Before the enactment of the NLRA, however, employees who engaged in concerted activities in support of demands for higher wages and better conditions were without any legal protections or avenues of recourse in the event they were discharged. See generally, Robert A. Gorman, Basic Text on Labor Law 1-2 (1976). What the NLRA and its Oregon companion, ORS chapter 663, did, was provide remedies for workers who were subject to what were defined under the statute as "unfair labor practices."[1] Under the statute, an employee who suffered an unfair labor practice could obtain redress through the Employment Relations Board (ERB), the administrative agency the legislature created to administer the act. Coverage under the statute, however, is only provided for individuals who are considered "employees," and individuals who are employed in "agricultural labor" are expressly excluded from that definition. ORS 663.005(3)(a).

Nonetheless, the majority explains, agricultural workers are only excluded from the benefits and protections of the NLRA and chapter 663 in the interests of administrative efficiency. 147 Or.App. at 114, 935 P.2d at 473. The majority simply misses the point: the legislature has expressed, by necessary implication, a specific policy in its choice to exclude agricultural workers from coverage under chapter 663. That expression of legislative policy directly conflicts with the cause of action that the majority creates for agricultural workers here. It seems to me incongruous to expressly provide that it is not an unlawful labor practice to fire an agricultural worker for engaging in union activity and then, in the same breath, to say that we may nonetheless hold you liable under the common law if you do.

In this case, the majority has undertaken the task of fixing what it believes is bad law. We are not, however, in the position of second-guessing legislative policies. In an analogous situation, the Supreme Court in Holien v. Sears, Roebuck & Co., 298 Or. 76, 689 P.2d 1292 (1984), said:

"The responsibility of this court is to apply and interpret the law, not to assume the role of a legislature chamber. As we said in Burnette v. Wahl, 284 Or 705, 712, 588 P.2d 1105 (1978):

"` * * * If there is any chance that invasion into the field by the court's establishment of a civil cause of action might interfere with the total legislative scheme, courts should err on the side of non-intrusion because it is always possible for the legislature to establish such a civil cause of action if it desires. Courts have no omnipotence in the field of planning, particularly social planning of the kind involved here. Courts should exercise restraint in the fields in which the legislature has attempted fairly comprehensive *475 social regulations.'" Id. at 95-96, 689 P.2d 1292.

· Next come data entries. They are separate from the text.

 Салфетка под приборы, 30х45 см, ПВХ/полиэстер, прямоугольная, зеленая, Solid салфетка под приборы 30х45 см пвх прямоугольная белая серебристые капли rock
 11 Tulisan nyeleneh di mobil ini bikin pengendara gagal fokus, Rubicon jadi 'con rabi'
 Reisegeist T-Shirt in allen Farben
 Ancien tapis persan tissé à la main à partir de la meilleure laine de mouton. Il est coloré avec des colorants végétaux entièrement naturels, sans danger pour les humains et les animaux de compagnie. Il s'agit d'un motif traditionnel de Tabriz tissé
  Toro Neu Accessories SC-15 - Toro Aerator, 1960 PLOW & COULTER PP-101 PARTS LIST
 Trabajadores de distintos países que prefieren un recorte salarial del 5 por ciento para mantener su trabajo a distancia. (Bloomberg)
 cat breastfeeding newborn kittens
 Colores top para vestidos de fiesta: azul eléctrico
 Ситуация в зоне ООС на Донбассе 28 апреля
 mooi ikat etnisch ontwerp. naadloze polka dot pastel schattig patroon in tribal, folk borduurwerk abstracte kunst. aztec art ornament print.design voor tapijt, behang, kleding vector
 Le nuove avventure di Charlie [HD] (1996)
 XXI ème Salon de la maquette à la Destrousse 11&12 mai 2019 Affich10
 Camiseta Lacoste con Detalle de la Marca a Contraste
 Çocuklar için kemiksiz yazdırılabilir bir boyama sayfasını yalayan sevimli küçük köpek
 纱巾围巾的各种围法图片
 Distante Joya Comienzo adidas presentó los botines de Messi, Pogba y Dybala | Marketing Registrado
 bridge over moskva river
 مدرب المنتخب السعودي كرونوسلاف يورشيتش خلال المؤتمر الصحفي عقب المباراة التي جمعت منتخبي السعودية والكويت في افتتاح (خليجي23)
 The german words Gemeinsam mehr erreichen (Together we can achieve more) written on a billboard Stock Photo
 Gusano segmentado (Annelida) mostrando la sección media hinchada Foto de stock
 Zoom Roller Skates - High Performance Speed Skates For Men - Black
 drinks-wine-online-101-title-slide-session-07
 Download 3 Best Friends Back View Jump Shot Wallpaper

Whether the statutes that the legislature promulgates embody the best or proper policy considerations is not for us to decide. And that is the majority's failing here.

For these reasons I dissent.


[1] Defendant also relies on the following statement by the Oregon Supreme Court in Wallace v. International Association of Mechanics, 155 Or. 652, 660, 63 P.2d 1090 (1936):

"Since [the Oregon statute] and the [Norris-La Guardia Act] are substantially the same, we may reasonably assume that the legislature of this state had the same intention as had Congress in the enactment of such legislation."

[1] For example, chapter 663 makes it an "unfair labor practice" for an employer to discharge an employee for organizing with other employees. See, e.g., ORS 663.125.